The virtual arrays need only have been requested, not realized, before jpeg_write_coefficients() is called. A side-effect of jpeg_write_coefficients() is to realize any virtual arrays that have been requested from the compression object's memory manager. Thus, when obtaining the virtual arrays from the compression object, you should fill the arrays after calling jpeg_write_coefficients(). The data is actually written out when you call jpeg_finish_compress(); jpeg_write_coefficients() only writes the file header.
When writing raw DCT coefficients, it is crucial that the JPEG quantization tables and sampling factors match the way the data was encoded, or the resulting file will be invalid. For transcoding from an existing JPEG file, we recommend using jpeg_copy_critical_parameters(). This routine initializes all the compression parameters to default values (like jpeg_set_defaults()), then copies the critical information from a source decompression object. The decompression object should have just been used to read the entire JPEG input file --- that is, it should be awaiting jpeg_finish_decompress().

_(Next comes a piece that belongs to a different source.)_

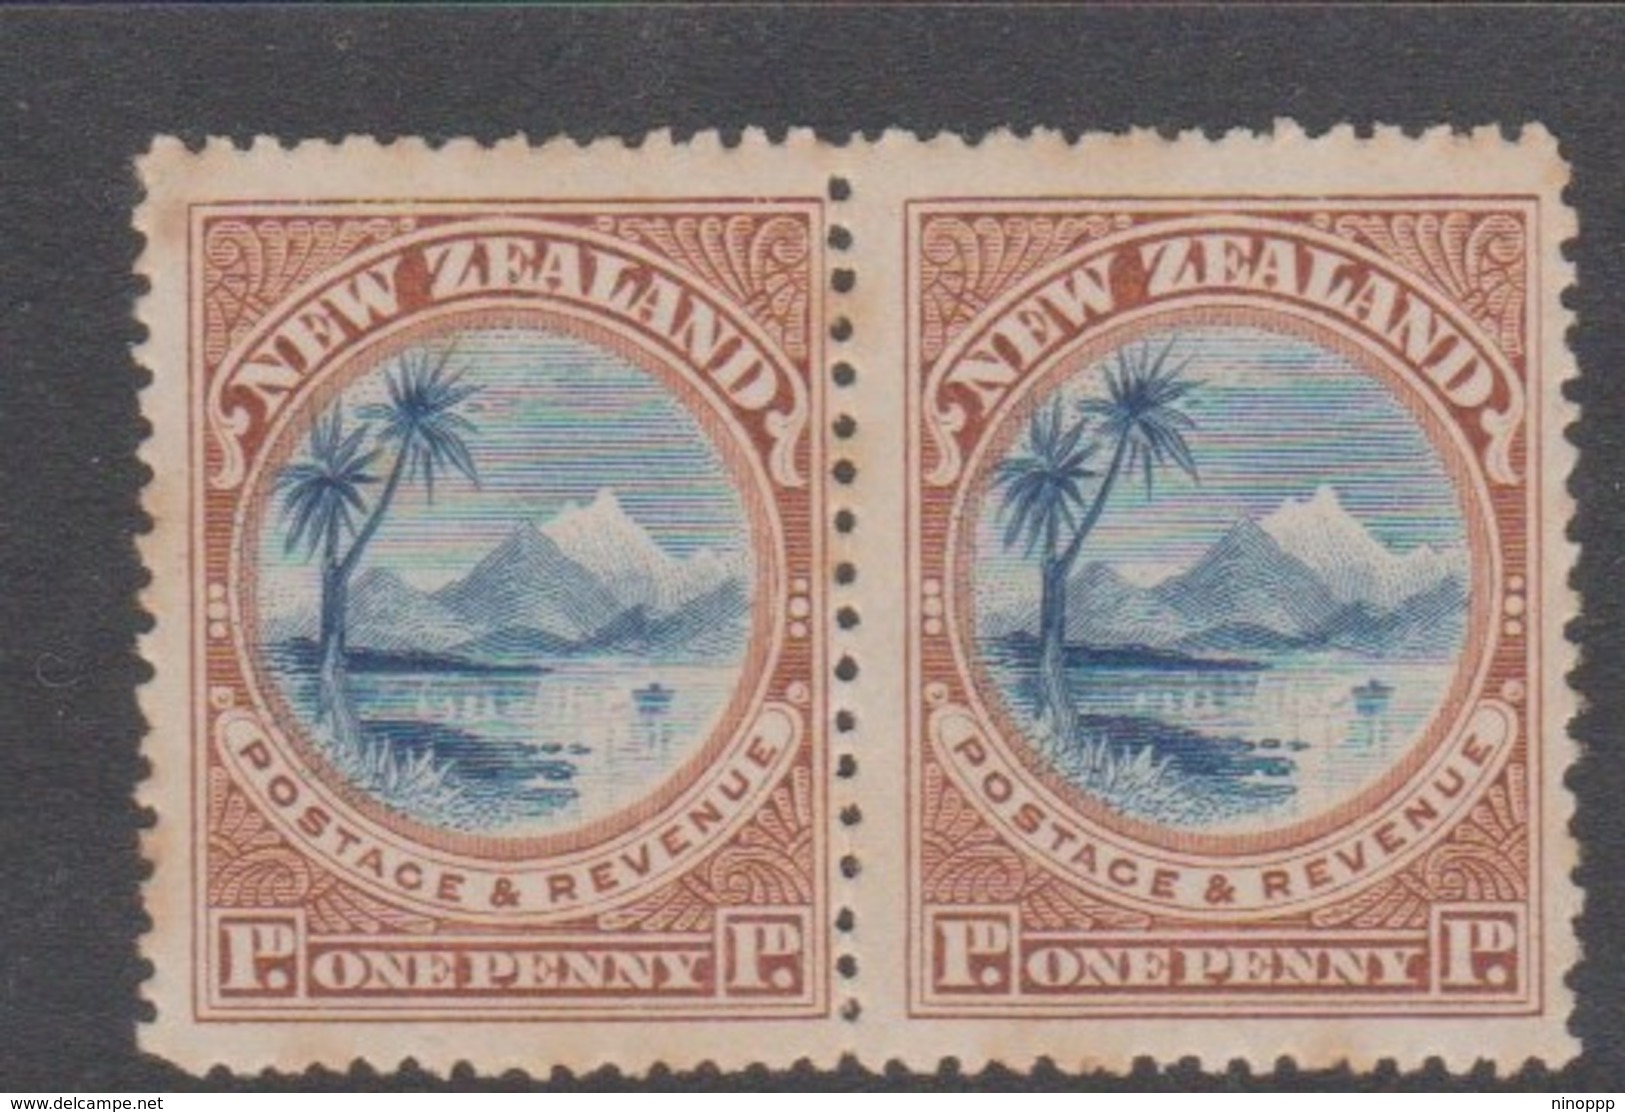 New Zealand SG 247 1898 One Penny Lake Taupo,pair Mint Never Hinged,mint Never Hinged - Unused Stamps

jpeg_write_coefficients() marks all tables stored in the compression object as needing to be written to the output file (thus, it acts like jpeg_start_compress(cinfo, TRUE)). This is for safety's sake, to avoid emitting abbreviated JPEG files by accident. If you really want to emit an abbreviated JPEG file, call jpeg_suppress_tables(), or set the tables' individual sent_table flags, between calling jpeg_write_coefficients() and jpeg_finish_compress().
End quote. I seemed to remember a mention of an actual implementation of that in one of the utility programs, let's see here. I look in filelist.doc, here it's mentioned: transupp,c "Support code for jpegtran: lossless image manipulations." It says Guido Vollbeding wrote the initial design and code.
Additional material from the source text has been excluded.